Thu, Oct. 30, 2014, 4:30pm - 6:00pm
Frick Chemistry Laboratory, Taylor Auditorium
The inositol pyrophosphates provide a link between metabolism and signaling
By integrating signaling cues with metabolic status, cells are able to modulate a range of processes according to their internal resources. The diphosphoinositol polyphosphates (PP-IPs) are a unique group of messengers that control glucose uptake and energy homeostasis, and provide an important link between signaling and metabolic networks. It is thought that PP-IPs exert their pleiotropic effects as allosteric small molecule regulators and via pyrophosphorylation of protein substrates, but most details in PP-IP signaling have remained elusive due to a paucity of suitable reagents.

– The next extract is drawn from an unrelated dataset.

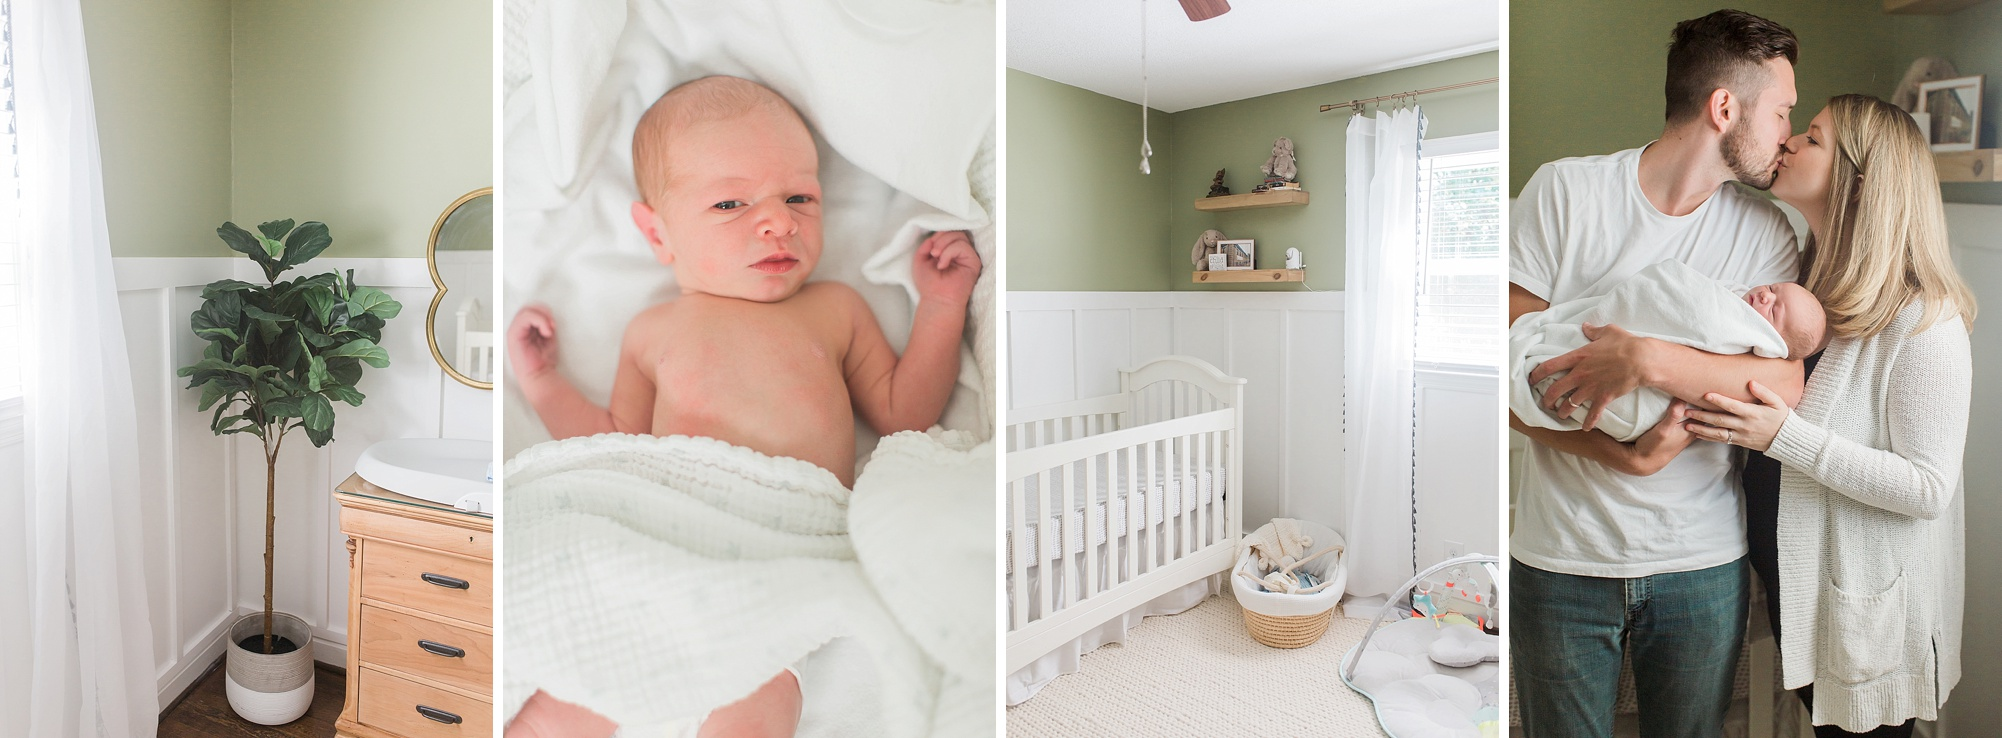 Lifestyle newborn photographer Winston-Salem NC

Our group is taking chemical approaches to elucidate the molecular mechanisms in PP-IP signaling. We have designed non-hydrolyzable PP-IP bisphosphonate analogues and have utilized these analogs for the affinity purification of inositol polyphosphate binding proteins. In parallel, we devised a method that provides easy access to pyrophosphopeptides. The pyrophosphopeptides were subsequently employed for the development specific enrichment procedures and for mass spectrometry-based detection of pyrophosphoproteins. Overall, our data support a central role for the inositol pyrophosphates at the interface of signaling and metabolism and contribute significantly to a better understanding of the complex PP-IP signaling landscape.